Fayetteville High School is a public high school located in Fayetteville, Arkansas. The school is administered by the Fayetteville Public Schools headed by John Mulford.

The district, and by extension, Fayetteville High's attendance boundary, includes the majority of Fayetteville as well as the majorities of Goshen and Johnson and sections of Elkins and Farmington.

== History ==
The school was first opened in 1908, and the previous building was built in 1950 with further renovations made in the 1990s. In 2011, another renovation and massive expansion of the building began, designed by University of Arkansas professor and award-winning architect Marlon Blackwell, in collaboration with the global design firm DLR Group and Rogers-based Hight Jackson Associates. Phase 1 of the current building opened in 2012, Phase 2 in 2013, Phase 3 in 2014, and the final phase opening in 2015. After completion of the final phase, the school integrated ninth graders to the campus.

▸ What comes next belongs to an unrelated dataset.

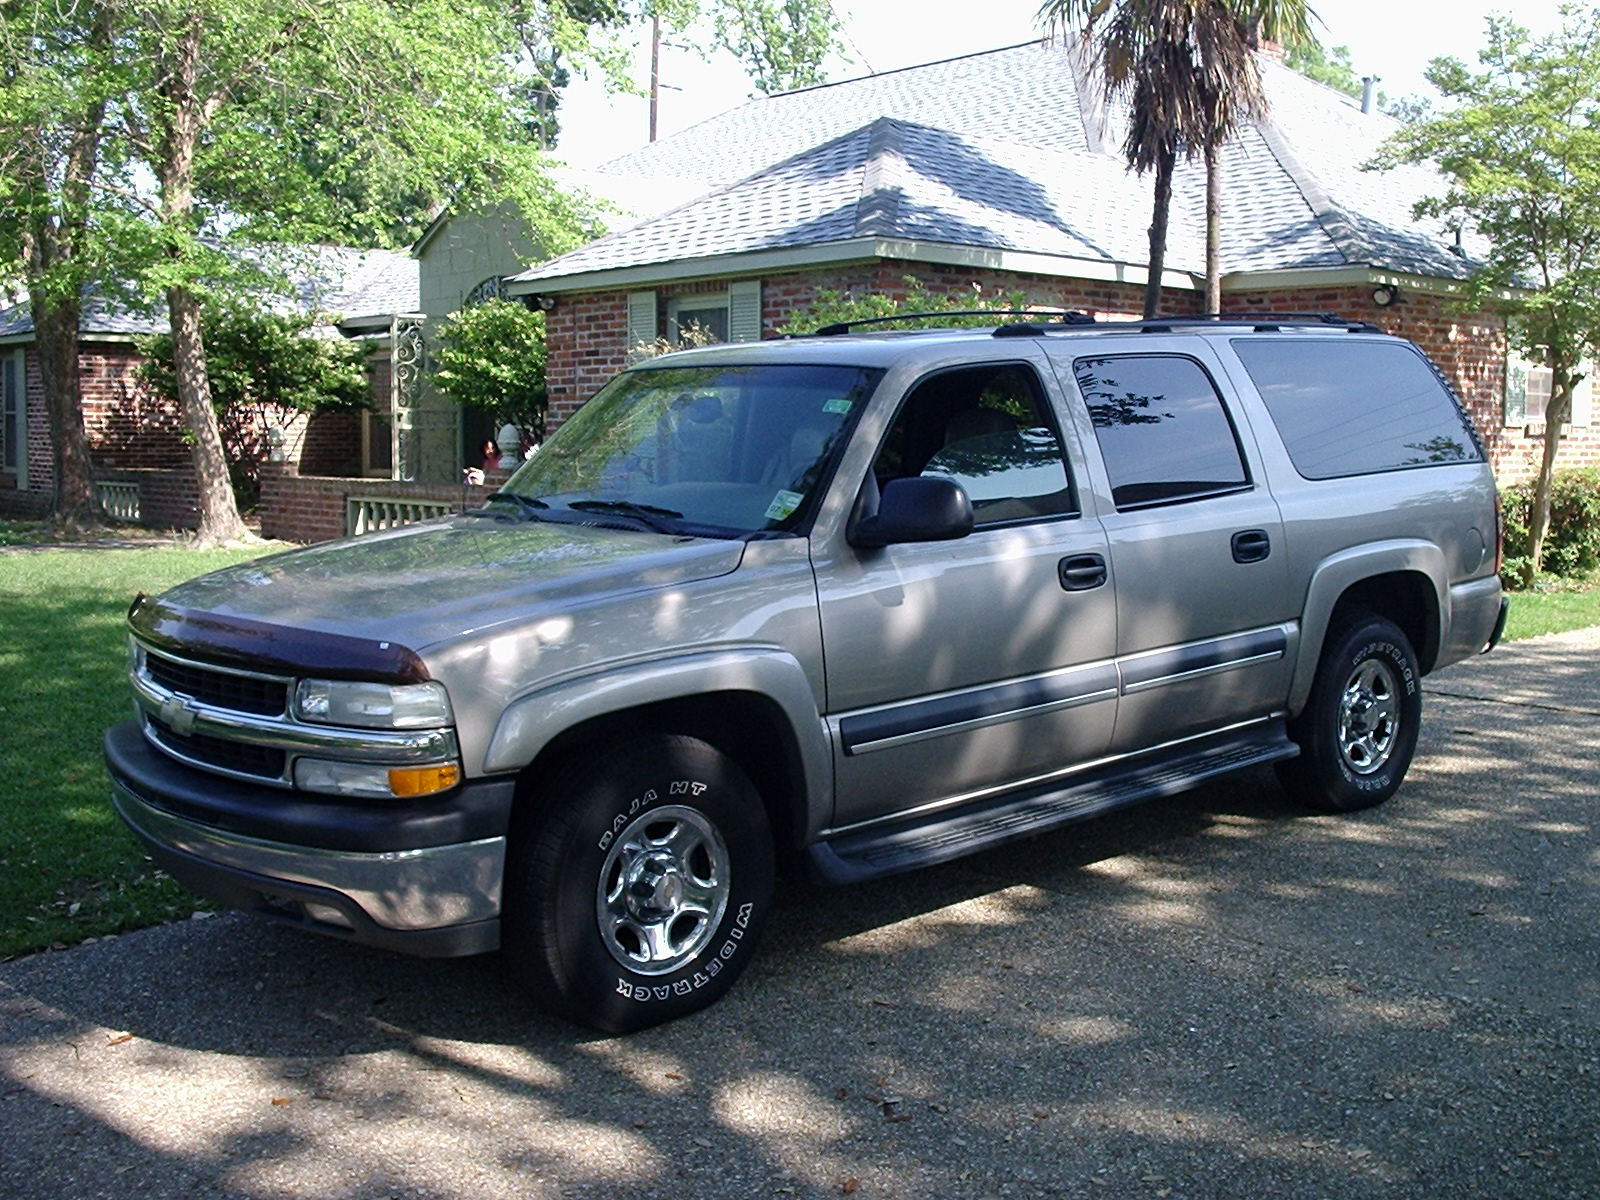 Chevrolet suburban 1500 photo gallery

As part of the 2011-2015 renovation and expansion, the school acquired a new 2,800-seat gymnasium with auxiliary facilities, a wrestling area, and a dance studio. Existing spaces that were remodeled included the music rooms for orchestra, band, and choir, administrative offices, and the cafeteria kitchen. The performing arts center was completely refurbished, and a black box theater was added, along with a TV studio and editing lab from which students live stream the school's athletic events.

The current building, built adjacent to the University of Arkansas and just off Martin Luther King Jr. Boulevard, is also located on the Trail of Tears National Historic Trail as indicated by two roadside signs—one of them a government sign and the other a sign erected by the University.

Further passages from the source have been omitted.